The Jane Fonda effect: During his journey, he found few markets selling convenient health food. But this was the 1980s, when jogging was the new craze, Jane Fonda’s aerobic movement was in full swing and mothers were too busy in the workplace to cook. “People who are successful in business look at what’s missing in their life,” he said. In Vancouver, he began studying Asian cuisine and discovered soy. He decided to use plant protein to make a more healthful version of the hot dog — a treat he had loved as a child but stopped eating because of its questionable meat sourcing and high cholesterol concentration.

World’s first veggie dog? Potvin tried putting tofu in casing — it was terrible, he said. Some sausage batches exploded in the oven because the casings were too tight. “It was months before I had a product that was decent enough to market,” he said. When he did, he started Yves Fine Food with $5,000 of his own money, $10,000 from his family and $25,000 in small-business loans. He began producing what he calls the world’s first veggie dog in a 500-square-foot facility using “antique” sausage-making equipment. He made $235,000 in sales to health food stores in the first year, then $600,000 the next. He learned a hard lesson when he was duped by a huckster offering machinery that didn’t exist. “If it’s too good to be true, there’s a 99.9% chance it’s not true,” he said. By the fourth year, he was up to $1 million in sales and moved into a new facility 10 times the size.

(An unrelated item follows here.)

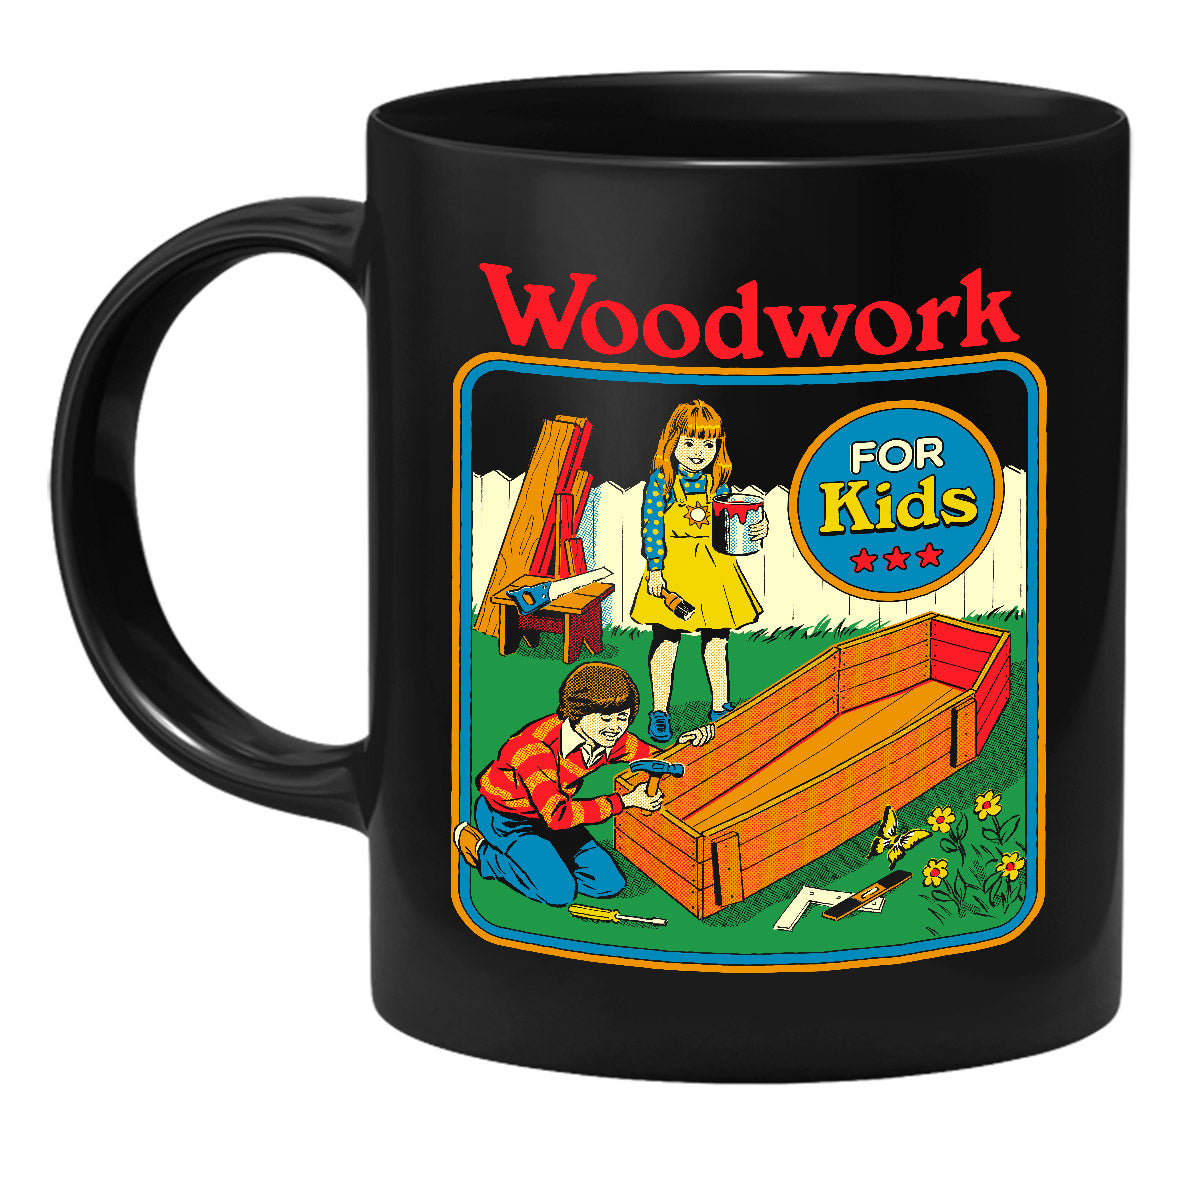 Steven Rhodes - Woodwork for Kids - Mug
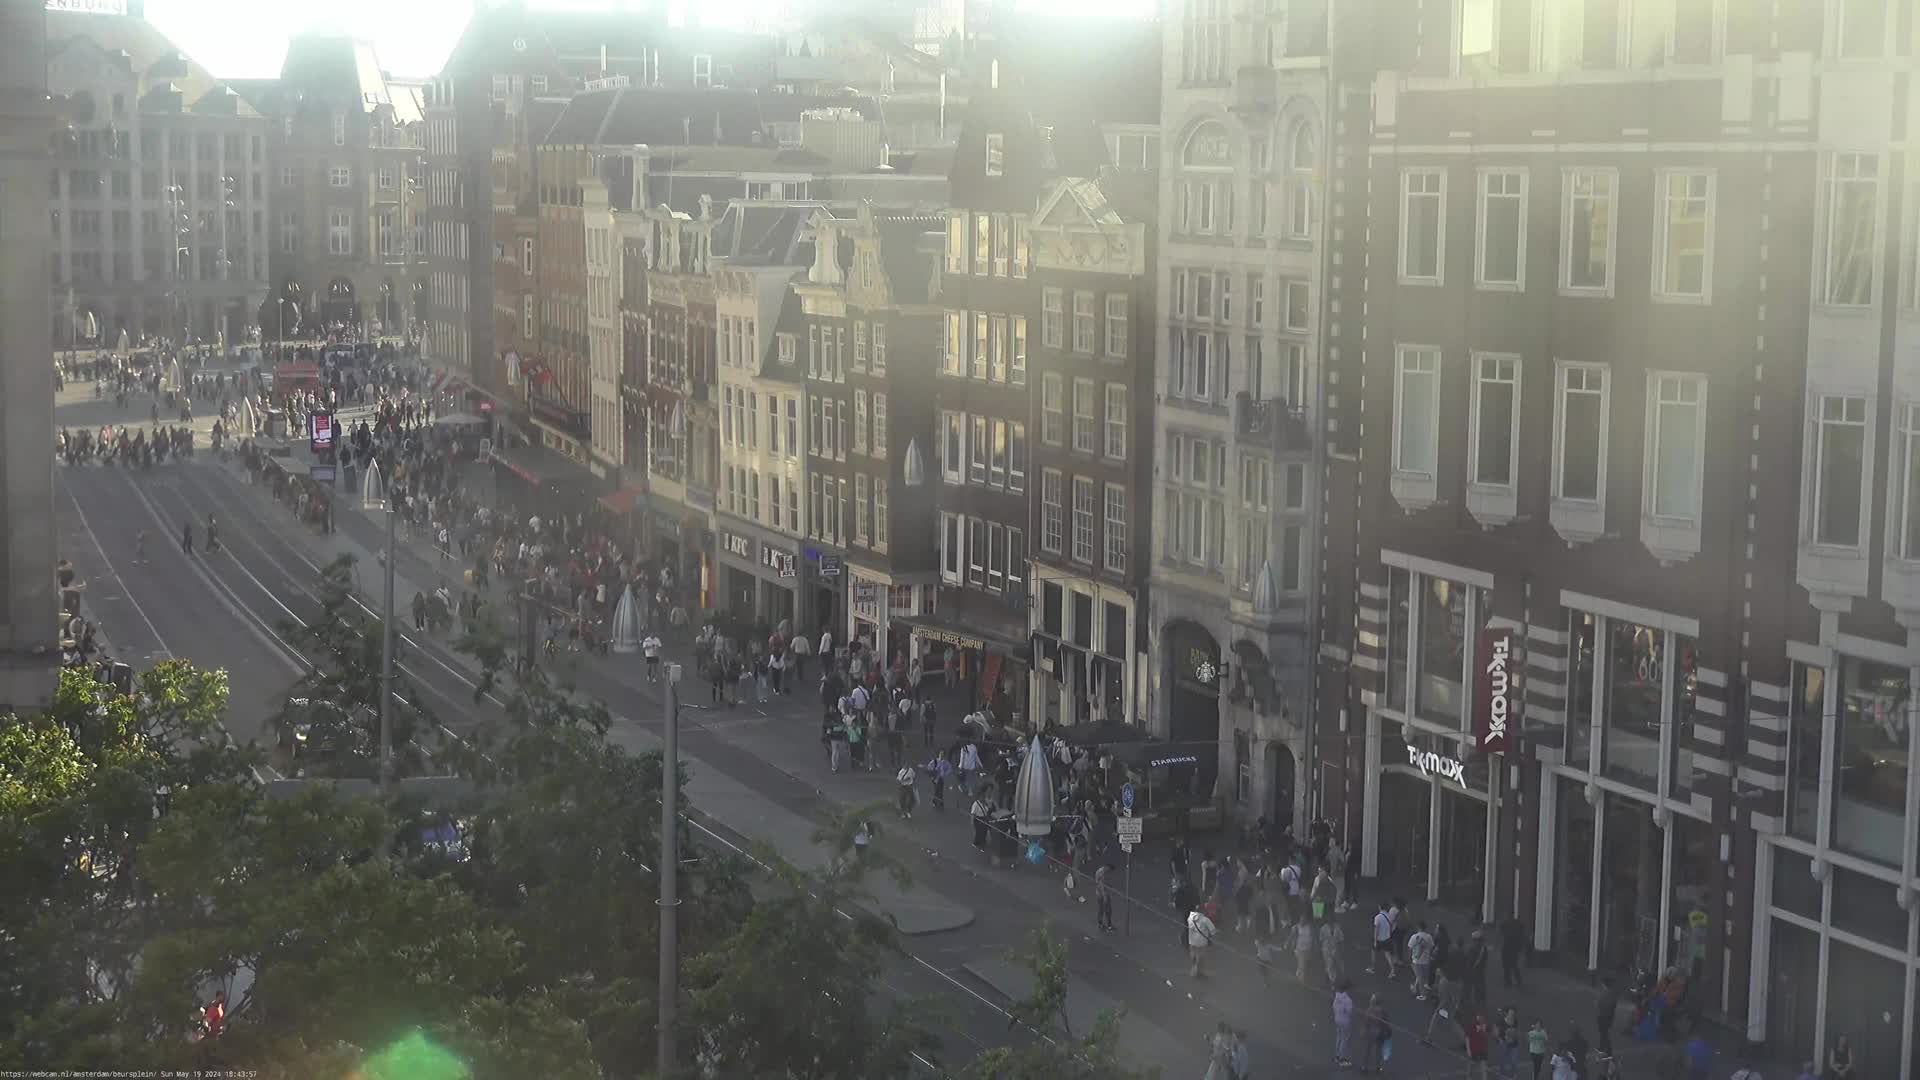 Amsterdam Man. 19:03

Moving on: Potvin sold the company in 2001. He and his research team developed a proprietary process for developing a meaty texture using flour and began making meat substitutes that could be served as entrees instead of as fillers for burger and hot dog buns. Garden Protein launched in 2003 out of Richmond, Canada, where it still keeps its international headquarters. “You need to find something that you love to do every day — the money will come, maybe,” he said.

Flexitarian: Potvin calls himself a “flexitarian,” like most of his consumers, he said. He eats fish, his 16-year-old daughter is a vegetarian, his 14-year-old son is a carnivore. The only food his entire family can consume is Gardein, he said. His favorite product at the moment is the company’s chicken sliders. On the testing table: more snack foods and a kung pao steamed bun.